- Professor Savić in Zvečan, 2008

Background information
- Born: Marko Savić 26 April 1941 Prizren, Yugoslavia
- Died: 8 February 2013 (aged 71) Belgrade, Serbia
- Genres: Classical
- Occupations: Soloist, Teacher
- Instrument: Piano

= Marko Savić (pianist) =

Serbian pianist and university professor

Marko Savić (Serbian Cyrillic: Марко Савић; 26 April 1941 – 8 February 2013) was a Serbian pianist and university professor.

==Education==
Marko Savić graduated from the Belgrade Music Academy in 1965 (Music Theory) and 1969 (Piano). He completed his postgraduate studies in Piano Performance at the Faculty of Music in Skopje (1986). His major teachers were Marko Tajčević (Music Theory), Jelica Popović and Branko Cvetković (Piano Performance).

==Performance career==
Marko Savić performed in numerous recitals, chamber music concerts and concerts as a soloist with orchestras throughout Yugoslavia (Belgrade, Skopje, Pristina, Prizren, Đakovica, Opatija, Rovinj, etc.).

==Teaching career==
Savić has been esteemed as a piano pedagogue. His students won top prizes at various competitions in Paris, Geneva, Città di Ostuni, Stresa, Belgrade, Ljubljana, Valjevo, Niš, Skopje, Dubrovnik, Novi Sad, Šabac, etc.
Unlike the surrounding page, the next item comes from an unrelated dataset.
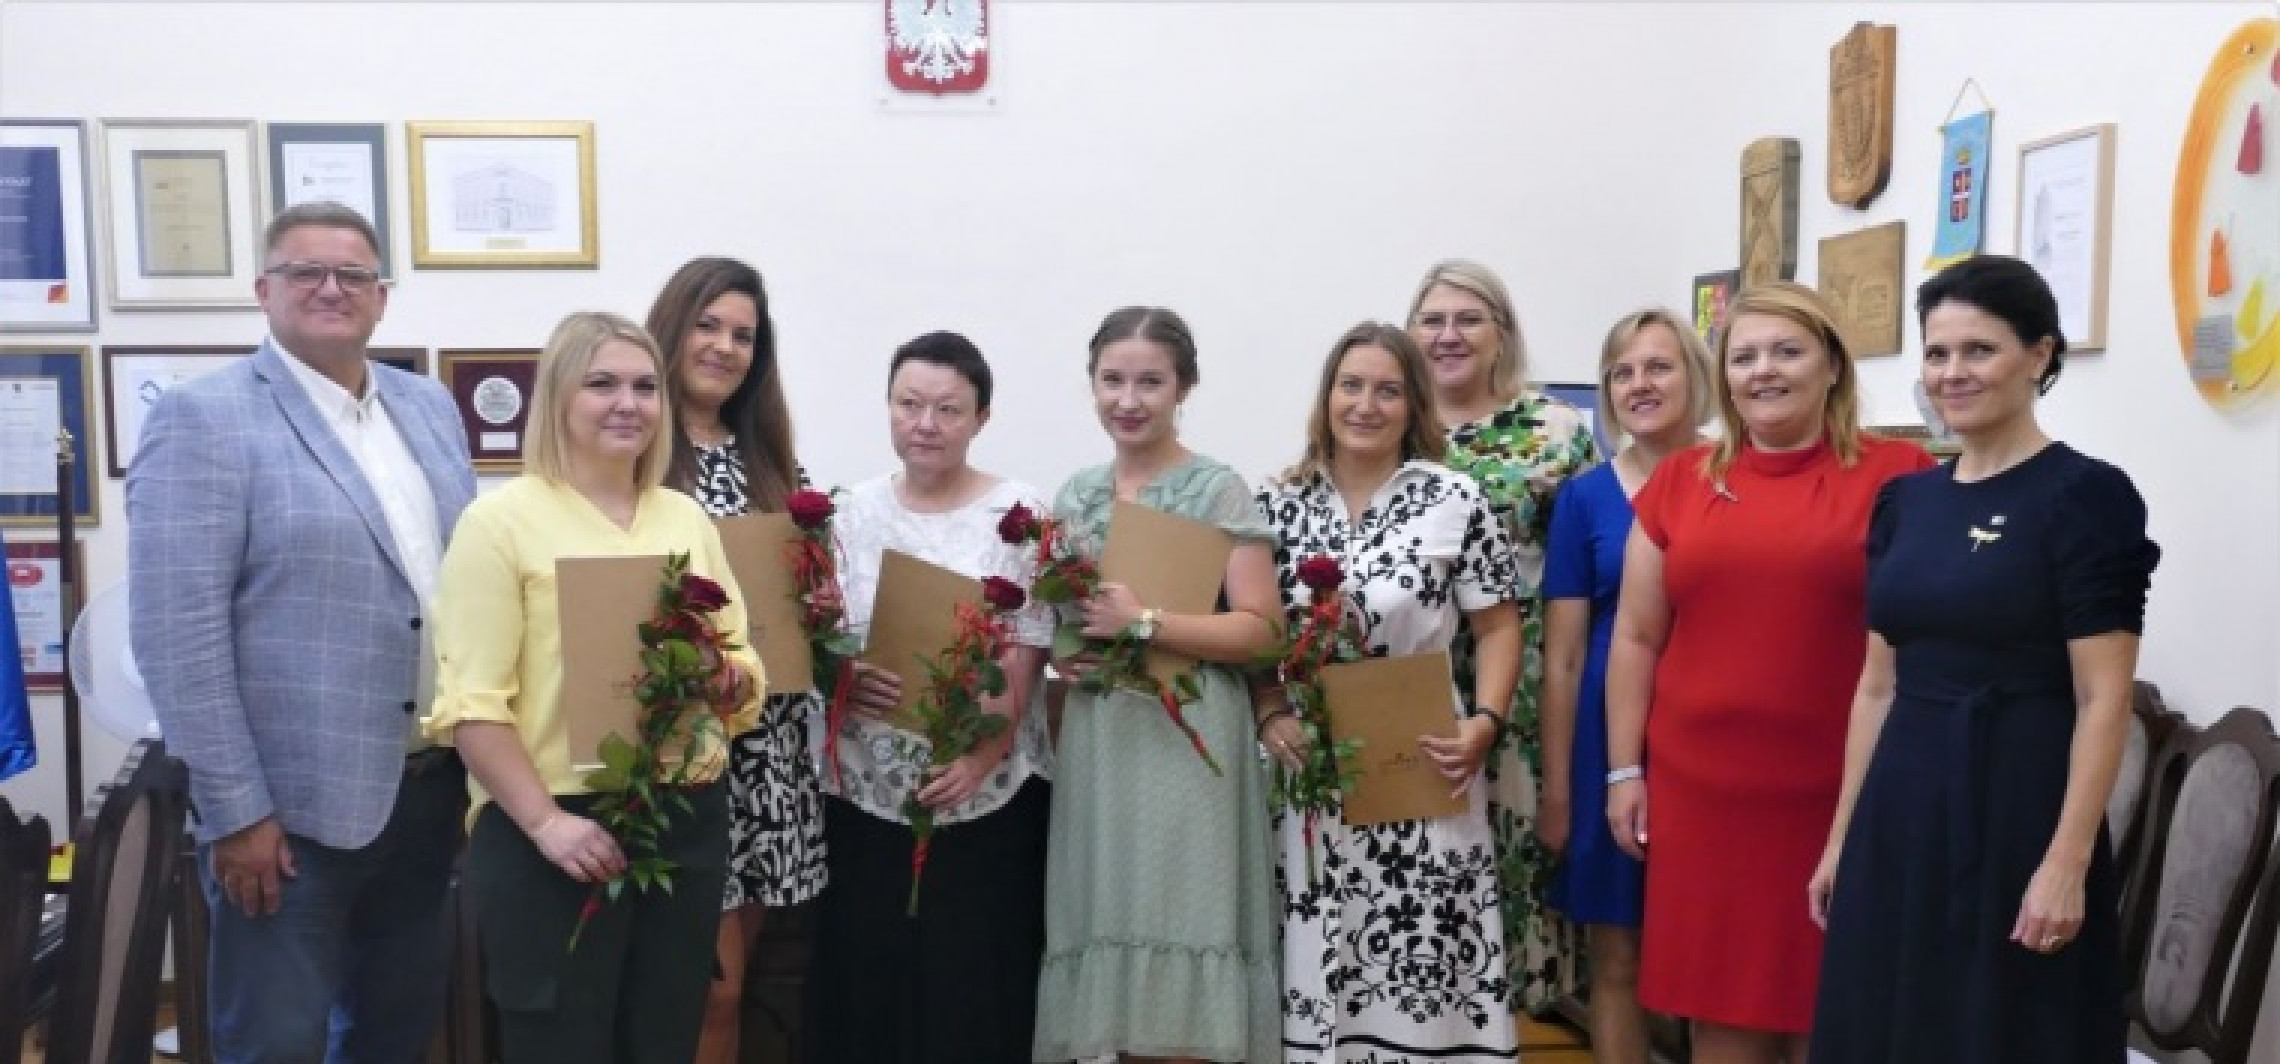 Inowrocław - Nauczyciele mianowani złożyli ślubowanie

He has been a jury member at piano competitions held in Belgrade, Pristina, Niš, Vranje, Trstenik and Lazarevac.

He received numerous awards for his pedagogical work, including a 1974 award of the Association of Music and Ballet Pedagogues of Serbia and a 1999 award of the European Piano Teachers Association.

Savić was Full Professor of Piano at the University of Priština Faculty of Arts, where he has taught since 1975. He also taught at the Josip Slavenski School of Music in Prizren and the College of Pedagogy in Pristina.